A favor de la versión en 3D hay que decir que los primeros treinta minutos están muy bien. Esas inmersiones a lo profundo del mar para rescatar una esquiva joya, ese submundo acuático aletargado y silencioso (sólo se oye la voz por radio del jefe de la expedición, confiriéndole a la escena el sabor de una película espacial) es ideal para el 3D: formas marinas abisales amenazan de improviso la visión del espectador. Pero cuando la escena se traslada a la cubierta del barco, entonces la cosa pierde interés. De hecho, como el proyecto no fue concebido para la tridimensionalidad, entonces lo que ha hecho Cameron y su equipo ha sido resaltar objetos y personas en primer plano. Nada más.

Una señora detrás de mí le comentaba a su amiga lo bonito del formato y lo triste que había sido para ella “verla así nomás, en su versión normal”. Supongo que muchas personas pensarán lo mismo. Pero hay dos razones de peso para que nuestra visión y disfrute de “Titanic” siga siendo la “versión normal”:

1. En las tomas de cubierta del barco, en contraste con la infinitud del cielo y del mar, hay un concepto que se pierde con el 3D, que no permite esa dicotomía. El punto de fuga del espectador se anula si el fondo se ve borroso y lo único que resalta es lo que está en primer plano. Es decir, la coherencia espacial se rompe con el 3D, es como si vieras un cuadro con una lupa: ves detalles que te impresionan, pero pierdes el sentido total de la pintura.

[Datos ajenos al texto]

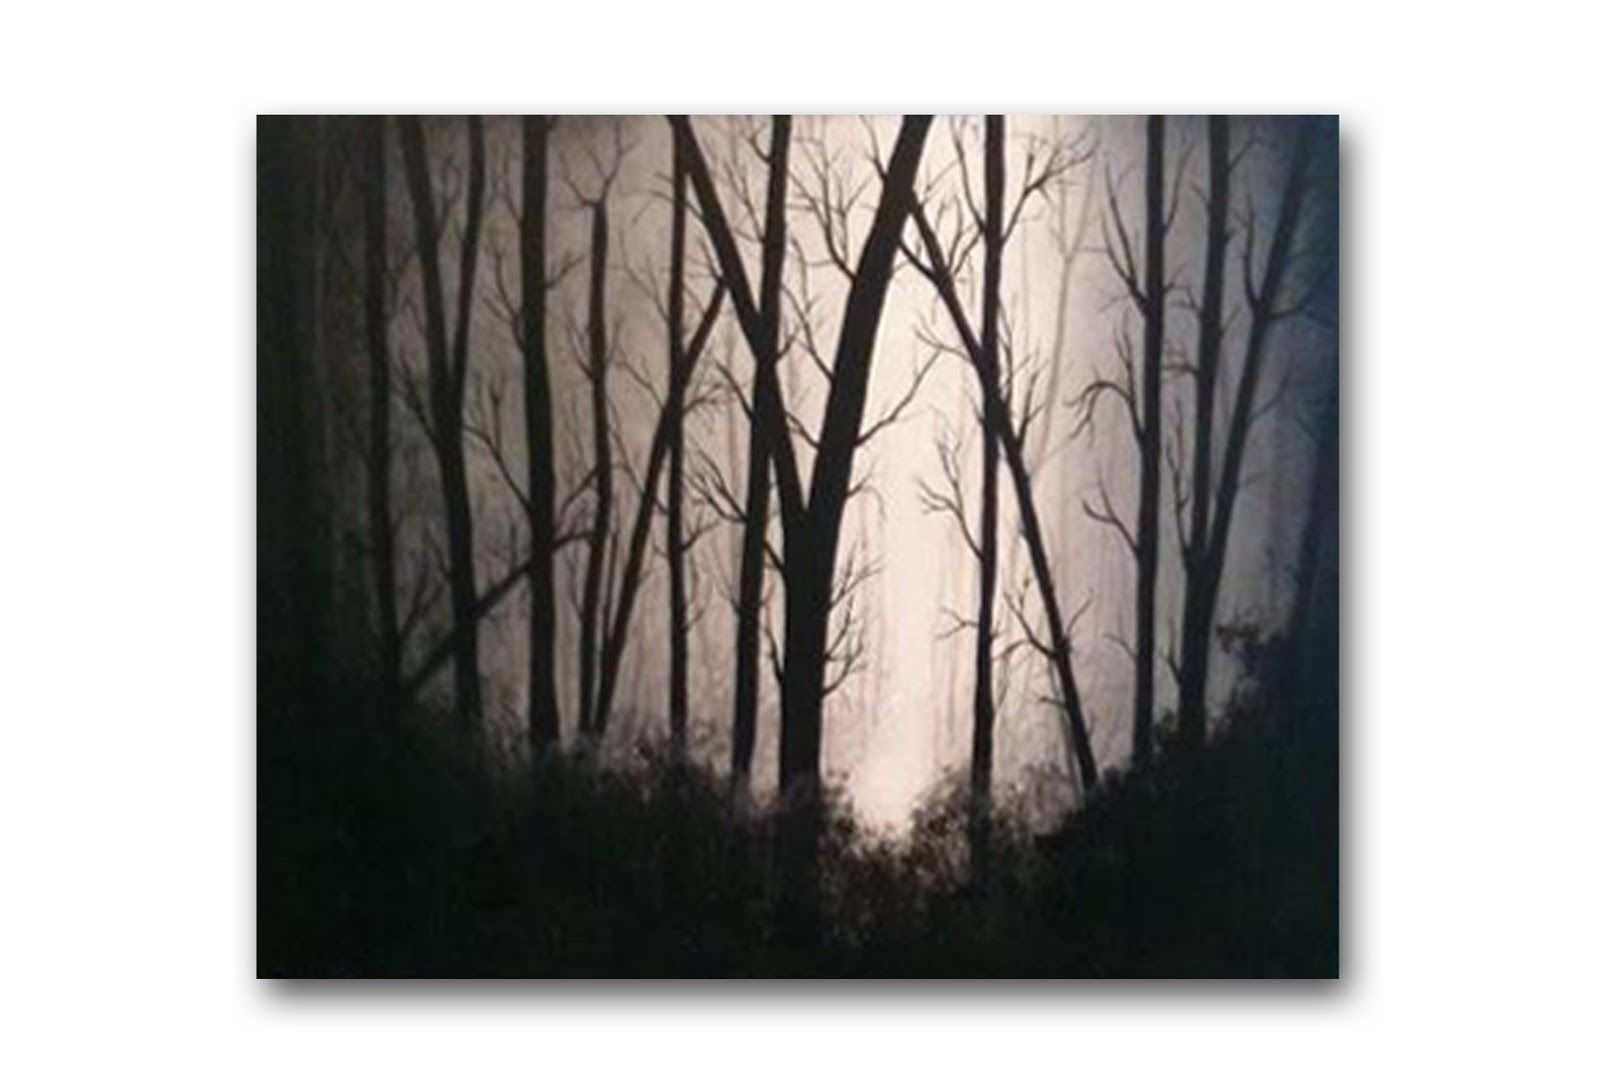 Julia Baldwin Graphic Designer Photographer A Few Of My Latest Paintings Series

2. La paleta de colores de Cameron es diversa y emocionante. La fotografía de Russell Carpenter se oscurece con los lentes 3D. El brillo del sol sobre cubierta, con esas tomas en contrapicado que acentúan la diferencia entre ricos y pobres, se atenúa demasiado. Los colores pastel del cielo en los atardeceres, el tono azulado de la noche de la catástrofe, las brillantes bengalas que rompen la oscuridad, la mortuoria palidez de los desgraciados ahogados en alta mar… toda esa fiesta de colores se vuelve gris con los lentes 3D.

Por cierto, tampoco la nueva mezcla de sonido es algo que entusiasme demasiado. De hecho, parece que sólo es notoria durante el estruendo de la catástrofe. Pero qué emocionantes siguen siendo esas escenas, qué manejo de actores y extras en movimiento: siguiendo la senda iniciada por David Griffith en “El Nacimiento de una nación” y continuada por las sagas épicas de John Ford. Cientos de personas moviéndose de aquí para allá, algunos cayendo de popa, niños sin sus madres, ancianos desesperados que se asen del mástil, jóvenes encerrados como ratas en el primer nivel, personal de enfermería que no sabe a quién asistir… El viejo Brueghel hubiese sonreído al ver esa plástica barahúnda.